Arthritis of the Neck
Arthritis of the neck (and related neck and back pain) may be categorised as one of two types of arthritis: Osteoarthritis and Rheumatoid arthritis. These two types of arthritis share some similar characteristics, but each has different causes and different treatment methods. So an accurate diagnosis is important.
What are the main symptoms and treatments for Arthritis of the neck? Well, let’s look at each of the above types in turn.
Osteoarthritis and neck pain
Osteoarthritis is usually a natural part of the aging process. Most of us will have some amount of wear and tear in our neck by time we reach our fourties. Osteoarthritis in the neck typically occurs due to degeneration in the facet joints of the cervical spine. For most people the symptoms are joint pain and stiffness and depending on its severity, pain levels can range from mild to very severe in intensity.

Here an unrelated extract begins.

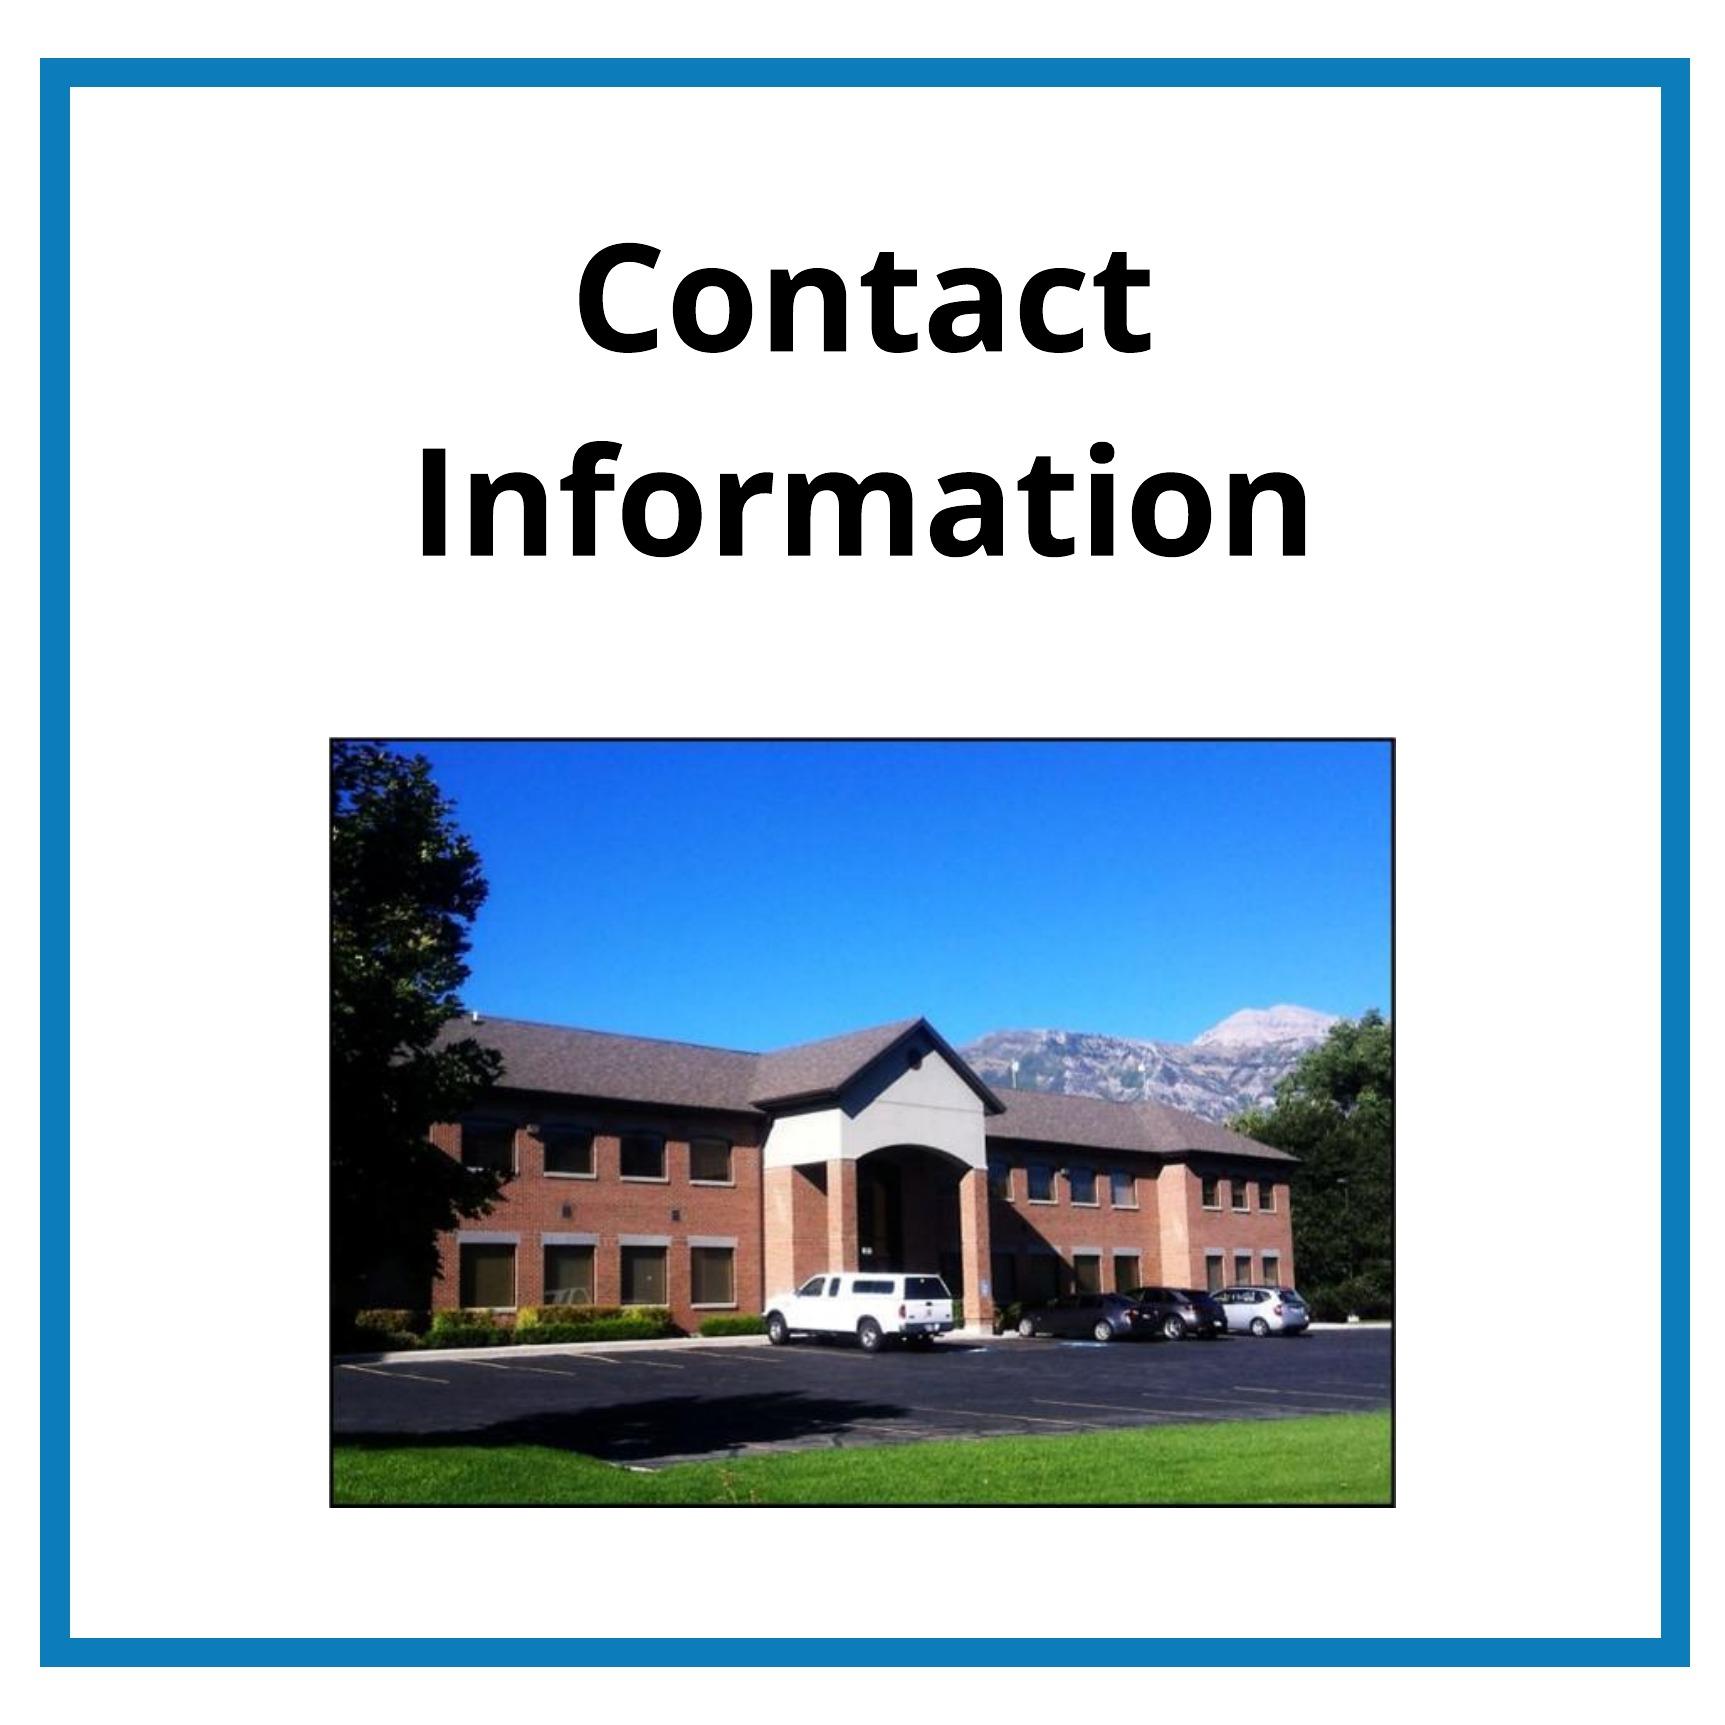 Contact Information (1).jpeg

Rheumatoid Arthritis and neck pain
Less common than Osteoarthritis, Rheumatoid arthritis a systemic inflammatory arthritis, in other words, it causes inflammation in your joints and can be very painful indeed. It is not a natural part of the aging process. It is a medical condition in itself where the cause is unclear - but it does appear to be hereditary. The condition generally requires drug treatments as well as manual therapy. Thickening around the joint surfaces can result in nodules of hardened tissue around your joints, which can affect your movement.

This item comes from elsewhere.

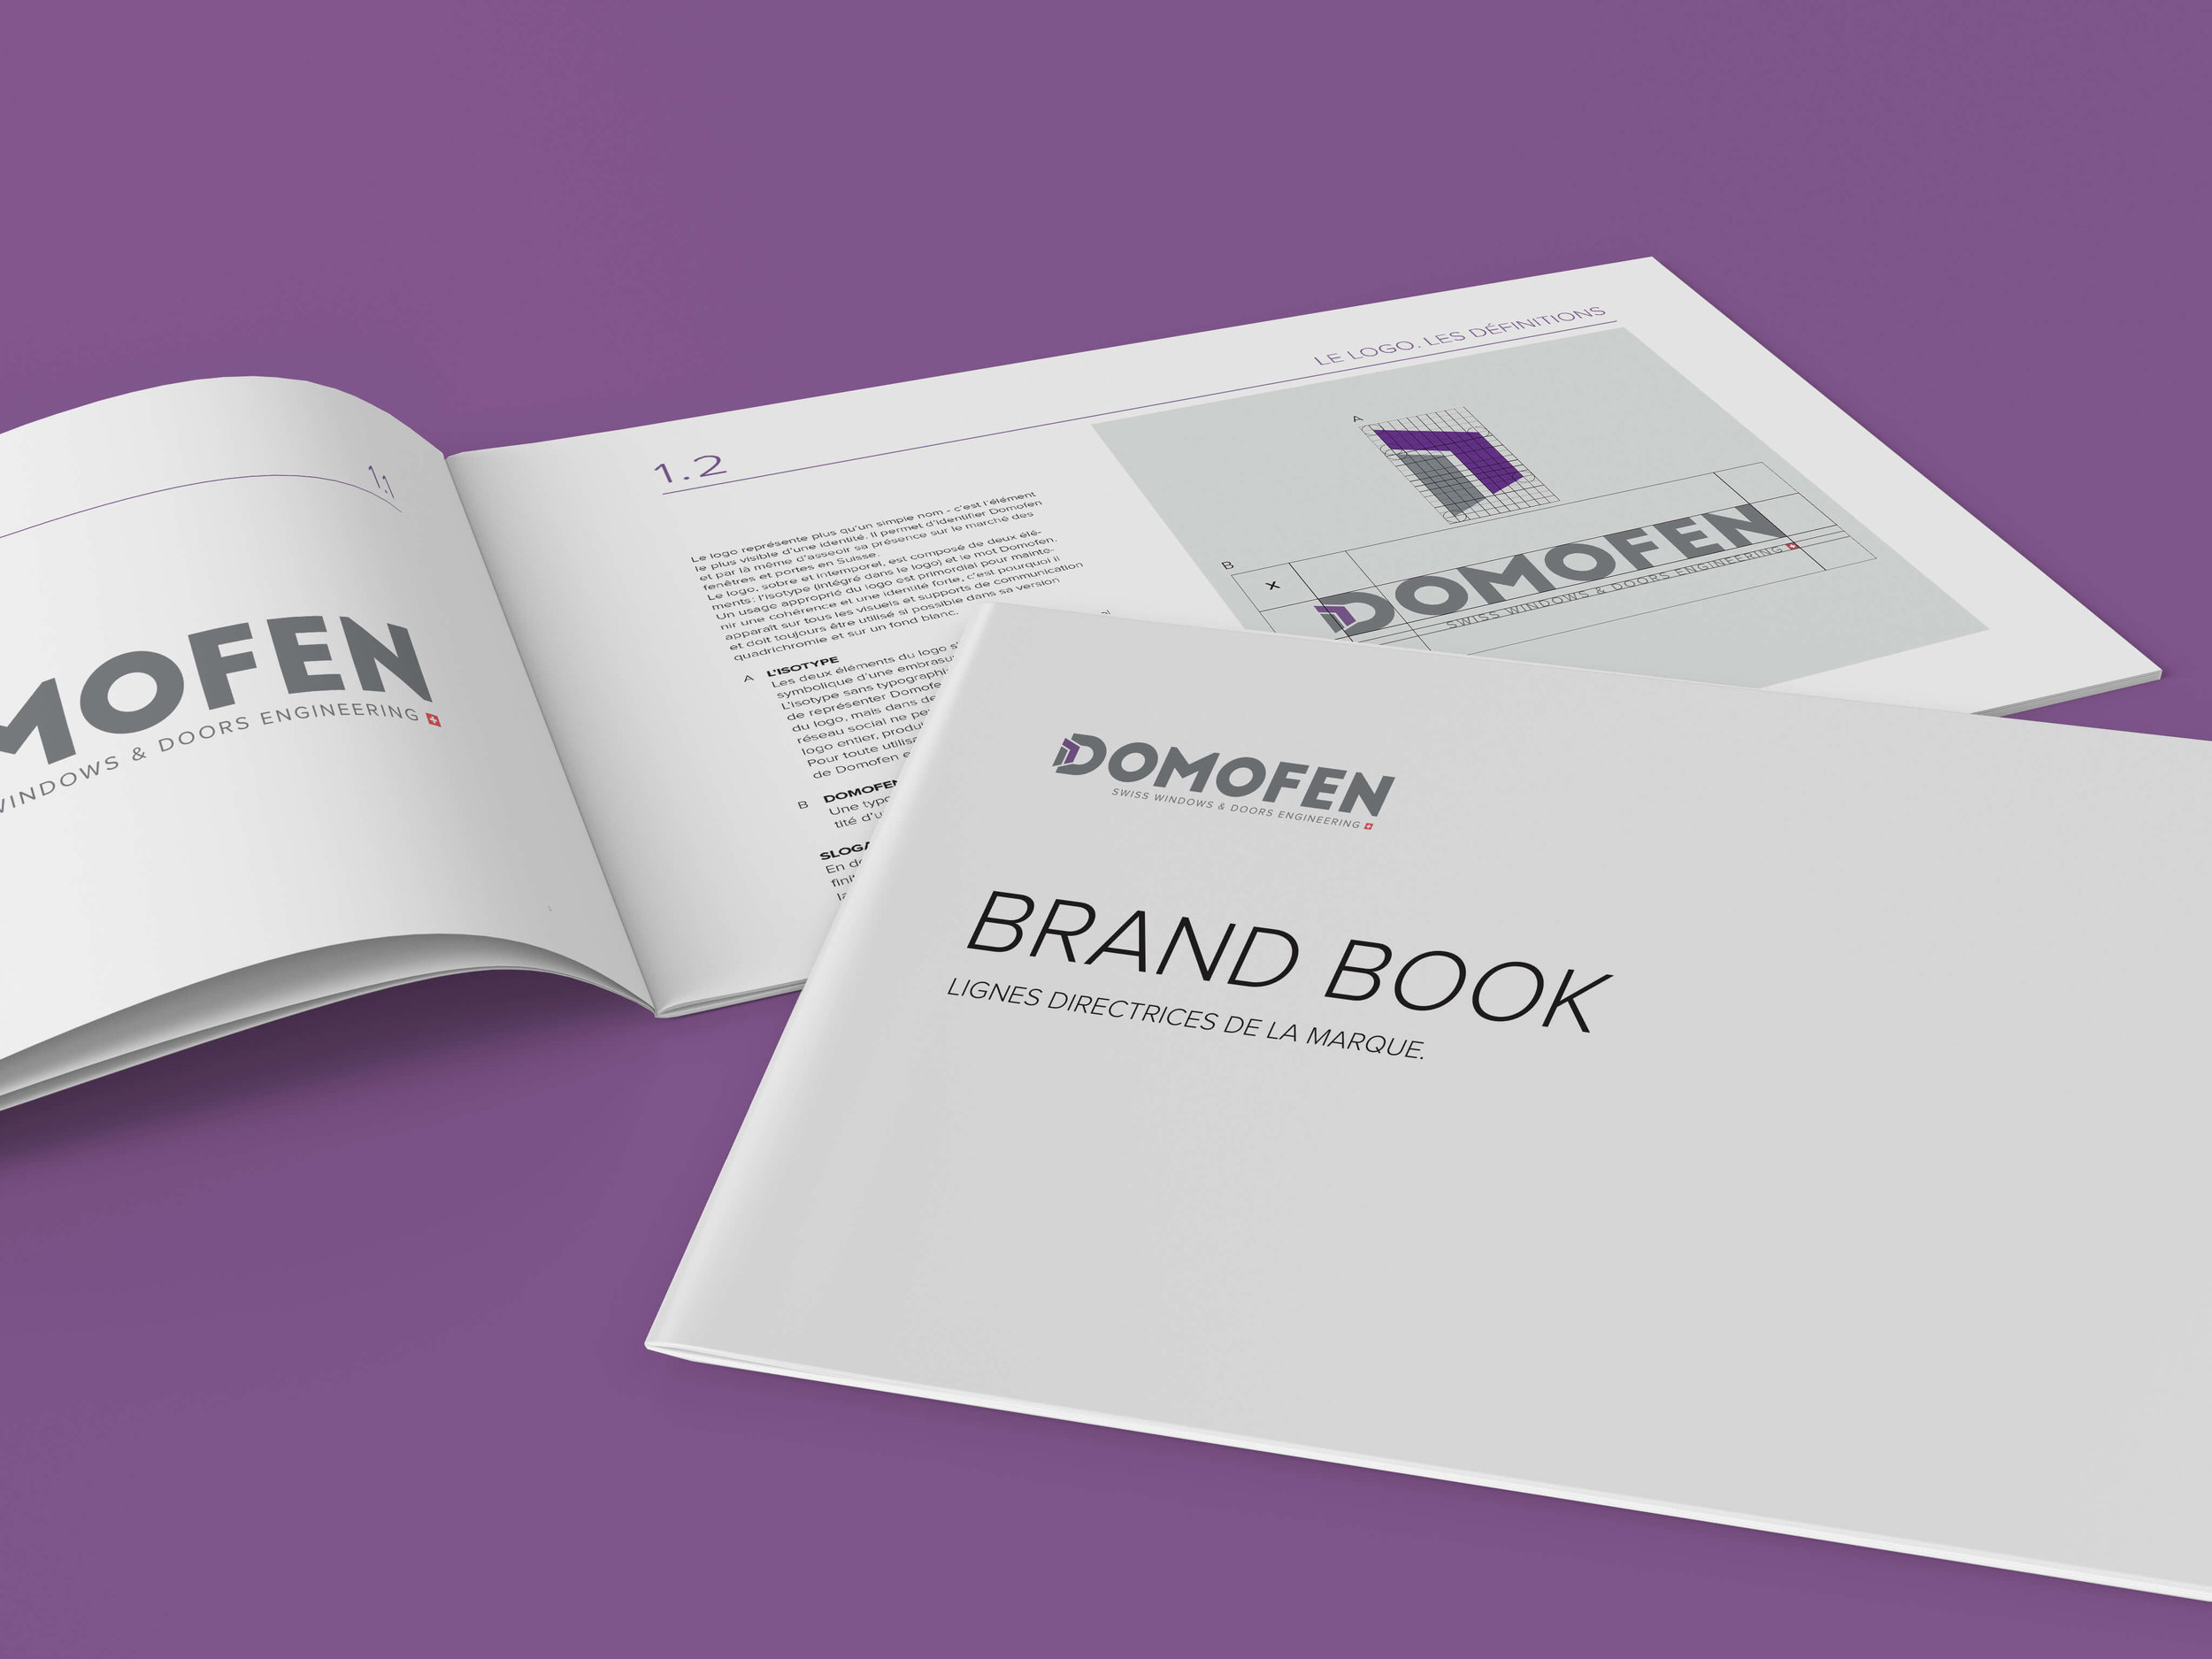 DOMO_Brandbook_visual.jpg

Symptoms and prevention of Neck Arthritis
The symptoms of neck arthritis are usually pain and stiffness over one or both sides of the neck and upper back. Symptoms relating to arthritis are usually worse in the morning. They loosen out with movement generally.
Although we cannot cure, or reverse, arthritis - physiotherapy can always help you in the management of the symptoms. In many cases of osteoarthritis treatment can also prevent the condition from worsening. Never just acccept arthritis - help yourself by managing it!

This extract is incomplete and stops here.